*Dataset section*.
------------------------
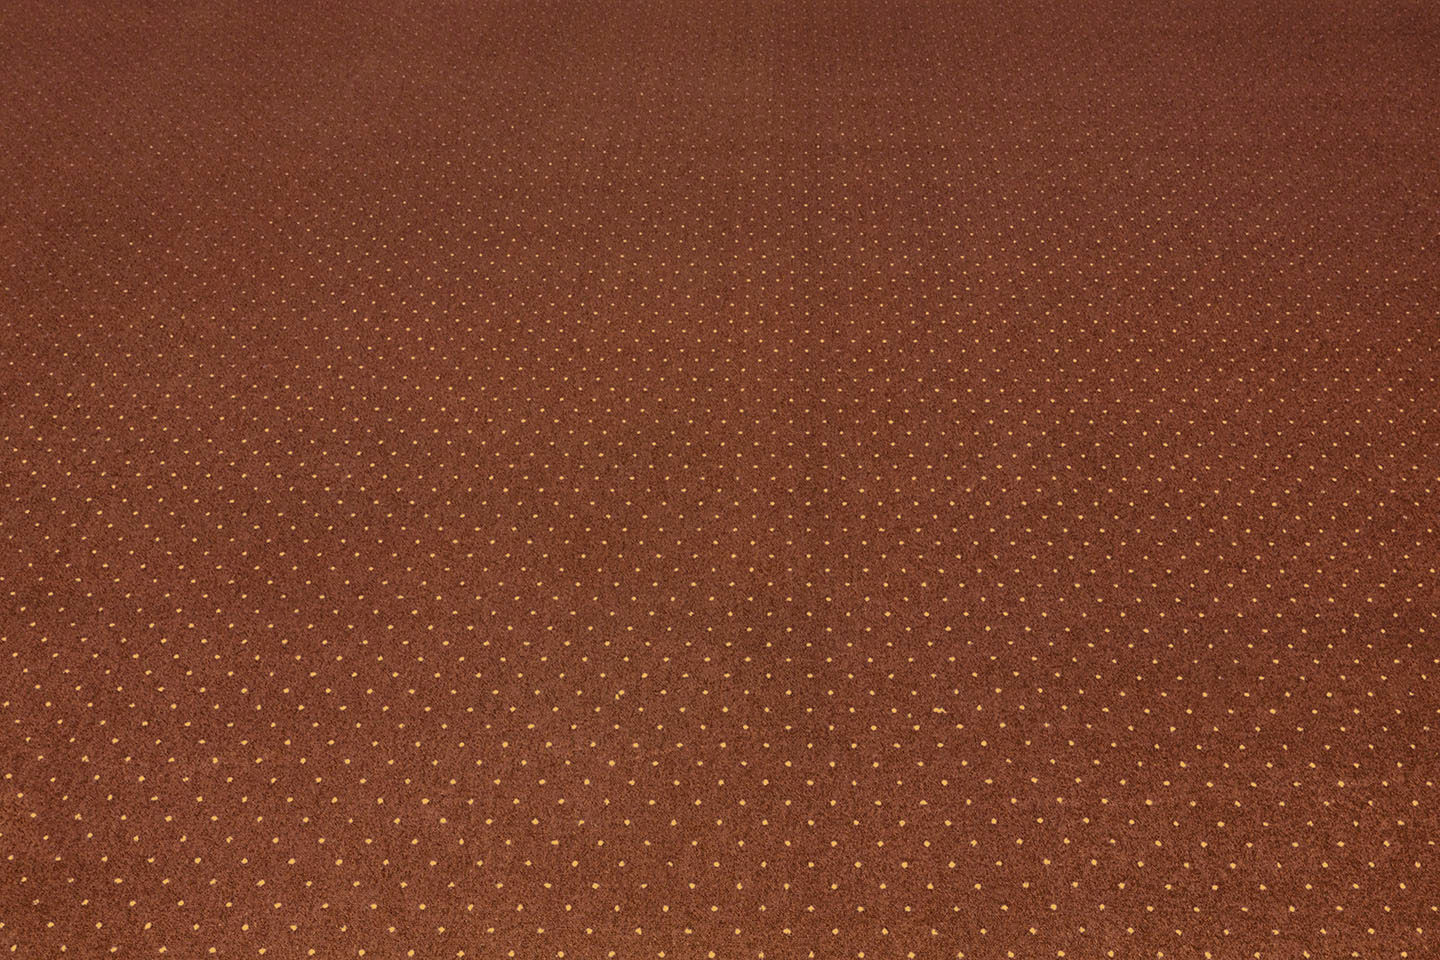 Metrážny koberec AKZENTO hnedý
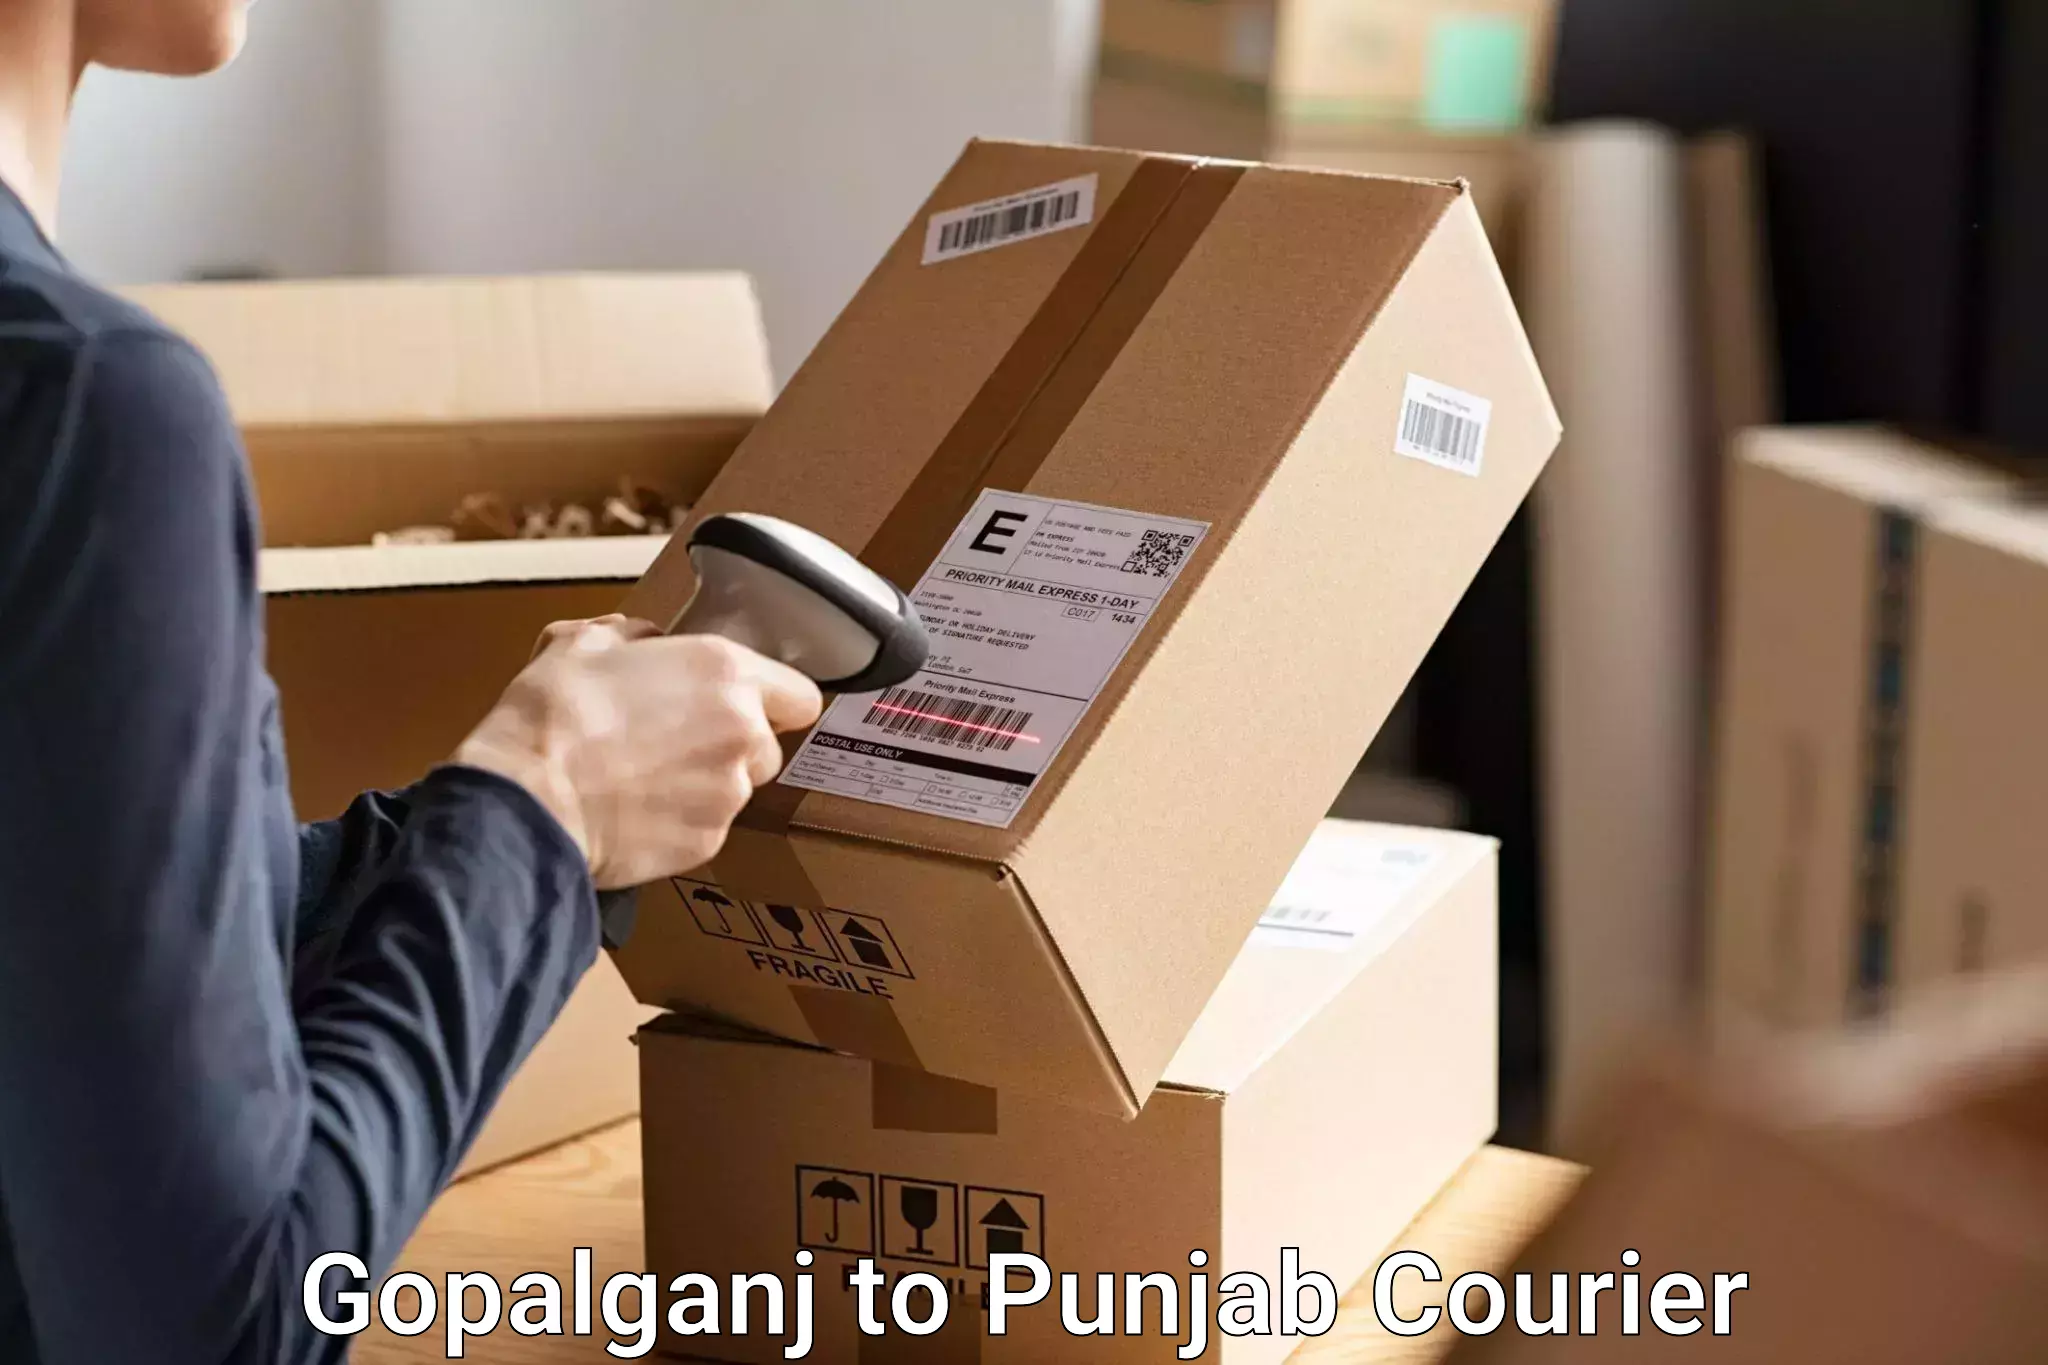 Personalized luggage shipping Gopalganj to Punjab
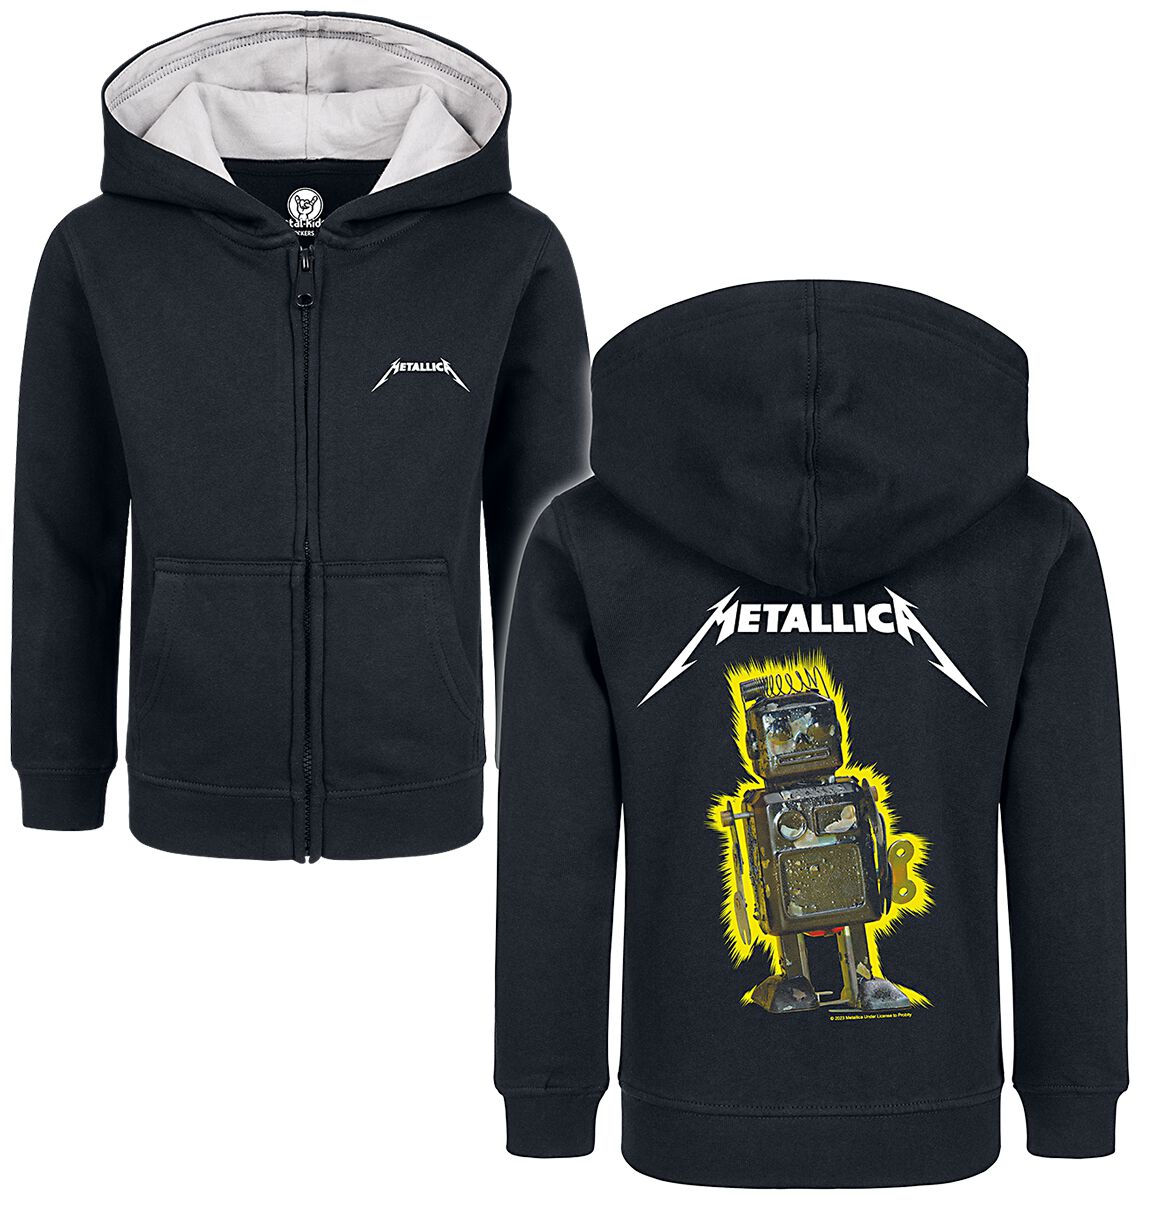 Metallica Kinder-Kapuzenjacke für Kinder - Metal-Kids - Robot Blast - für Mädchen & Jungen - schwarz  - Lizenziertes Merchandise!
------------------------
*What you will do*. With pictures excluded, output the listing above exactly as it stands.

*Solution*.
 Metrážny koberec AKZENTO hnedý
 Personalized luggage shipping Gopalganj to Punjab
 Metallica Kinder-Kapuzenjacke für Kinder - Metal-Kids - Robot Blast - für Mädchen & Jungen - schwarz  - Lizenziertes Merchandise!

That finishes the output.